By the time Mr Blair met Mr Bush in April 2002, Meyer said there would have been no point in “banging on” about “regime change” only to say Britain would not support it.
It was still unclear exactly what the two leaders discussed in private, but afterwards there was an apparent shift in the British position. “I took no part in any of the discussions and there was a large chunk of that time when no adviser was there.
“To this day I am not entirely clear what degree of convergence was, if you like, signed in blood at the Crawford ranch,” he said.
The following day Mr Blair made a speech in which he spoke publicly for the first time about regime change in Baghdad.

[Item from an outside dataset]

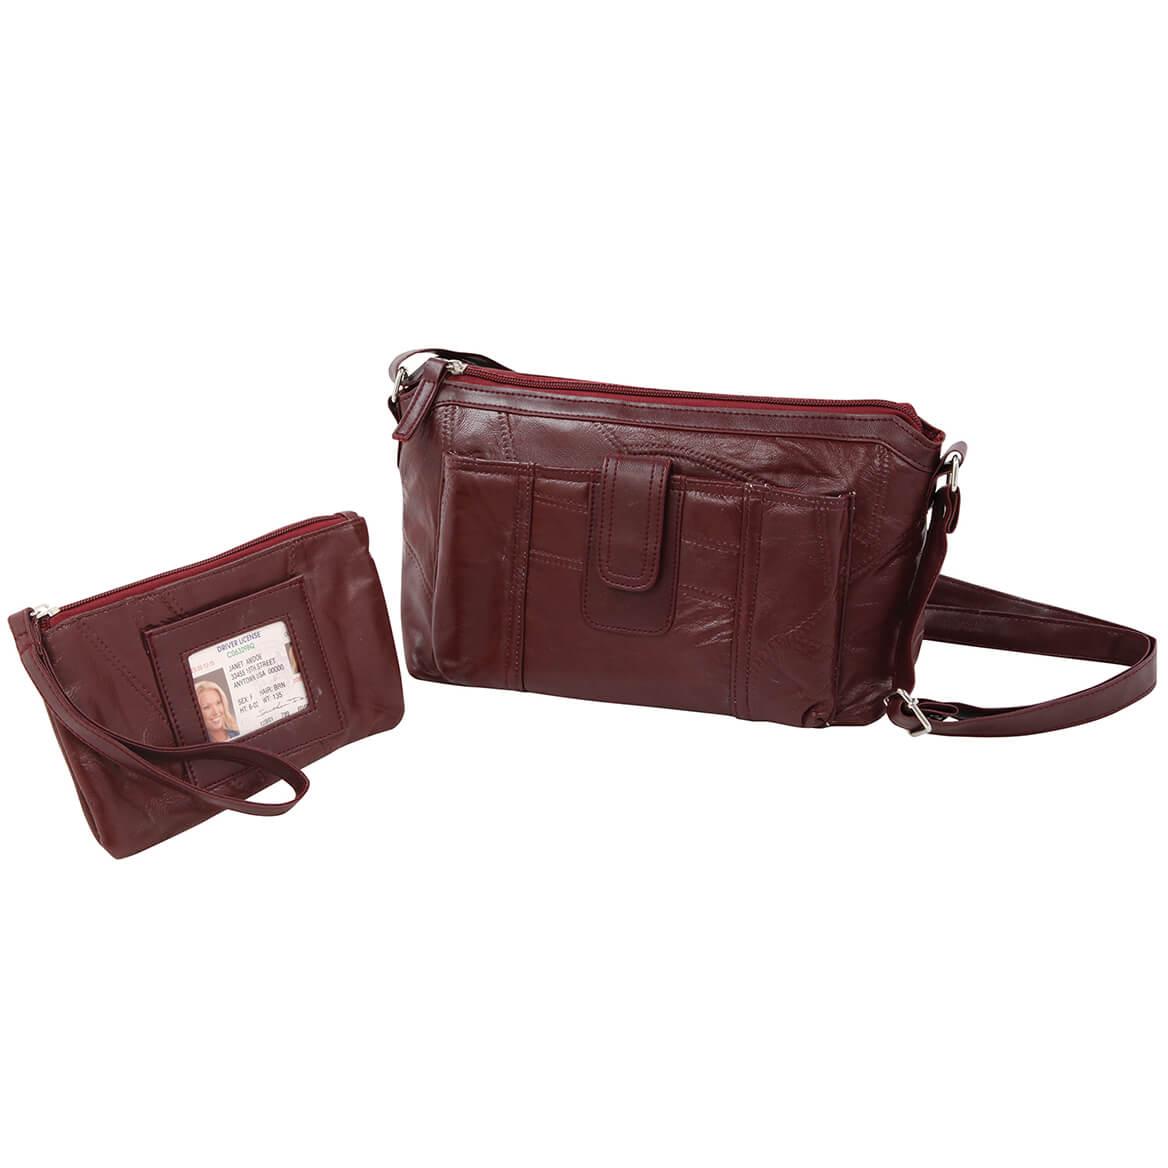 Wallaby Wristlet Handbag-369948

“What he was trying to do was to draw the lessons of 9/11 and apply them to the situation in Iraq which led – I think not inadvertently but deliberately – to a conflation of the threat posed by Osama bin Laden and Saddam Hussein.

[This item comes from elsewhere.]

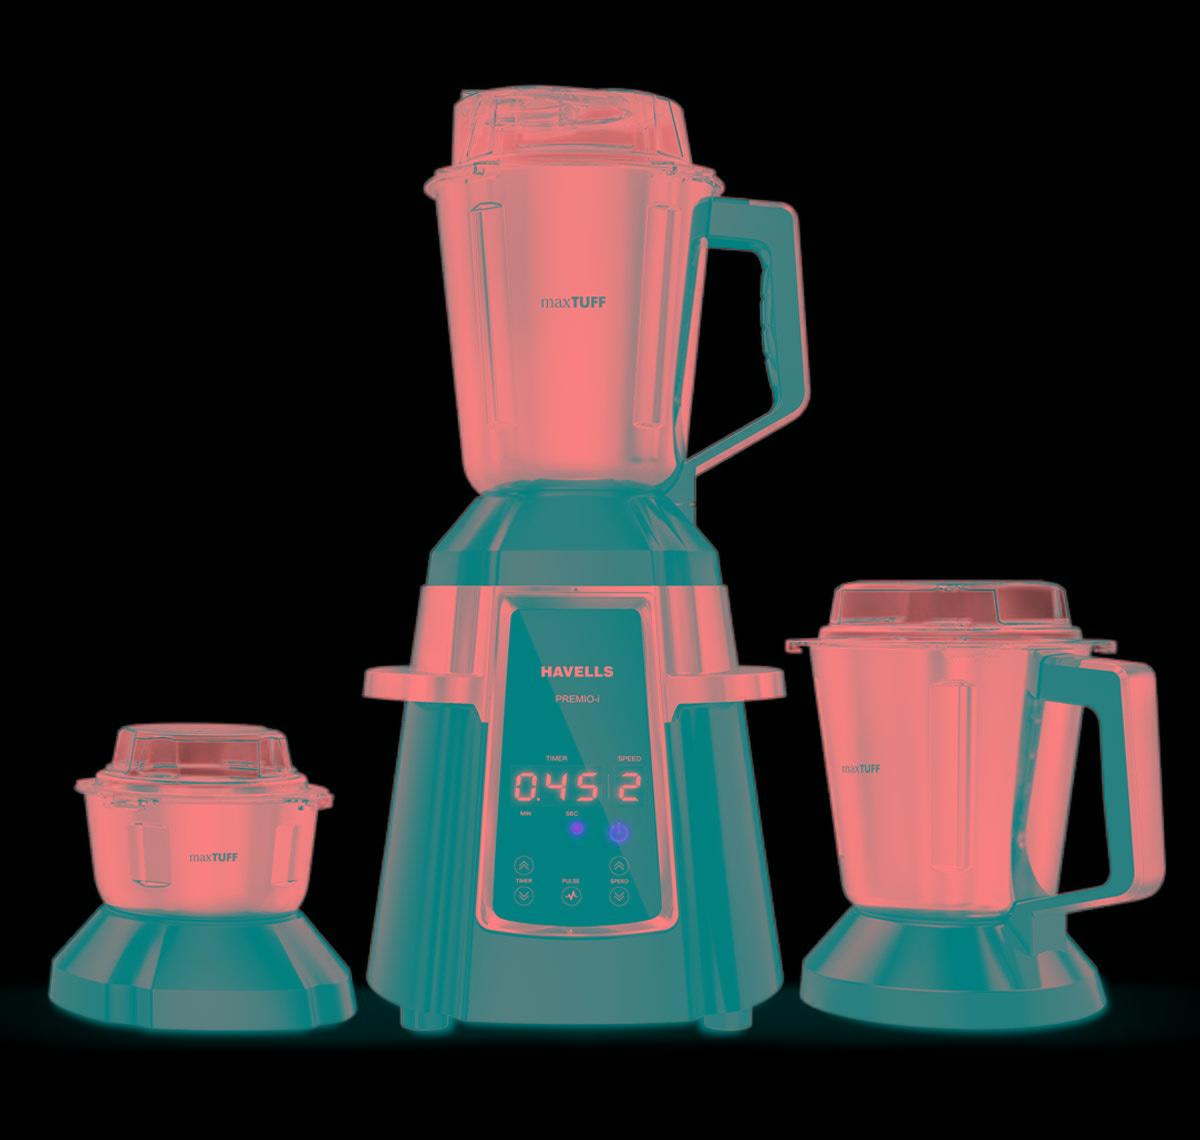 Havells Premio I Digital control Mixer Grinder 750 W (Black/3 Jars)

“When I heard that speech, I thought that this represents a tightening of the UK/US alliance and a degree of convergence on the danger Saddam Hussein presented.”
Meyer said Mr Blair had been a “true believer about the wickedness of Saddam Hussein” having spoken on the subject in 1998.
However, Britain’s Foreign Office ruled there was no legal basis for seeking to oust the Iraqi dictator.
Unlike the British, key US figures like the influential deputy defence secretary Paul Wolfowitz were convinced there was a “strong connection” between Saddam and al-Qaida.
Although they had won support of a new Security Council resolution in November 2002, the strategy was ultimately a failure because Hans Blix and the UN weapons inspectors had not been given enough time to complete their work.
Meyer said the “real problem” was that US military was planning an invasion in March 2003 which left the British and Americans “scrambling” to find proof that Saddam had weapons of mass destruction in time.
“It was impossible to see how Blix could bring the inspection process to a conclusion, for better or worse, by March,” he said.
“Because you cannot synchronise the programmes, you had to short-circuit the process by finding the notorious ’smoking gun’.
“We have got to try to prove that he is guilty and we – the British and Americans – have never recovered from that because, of course, there was no smoking gun."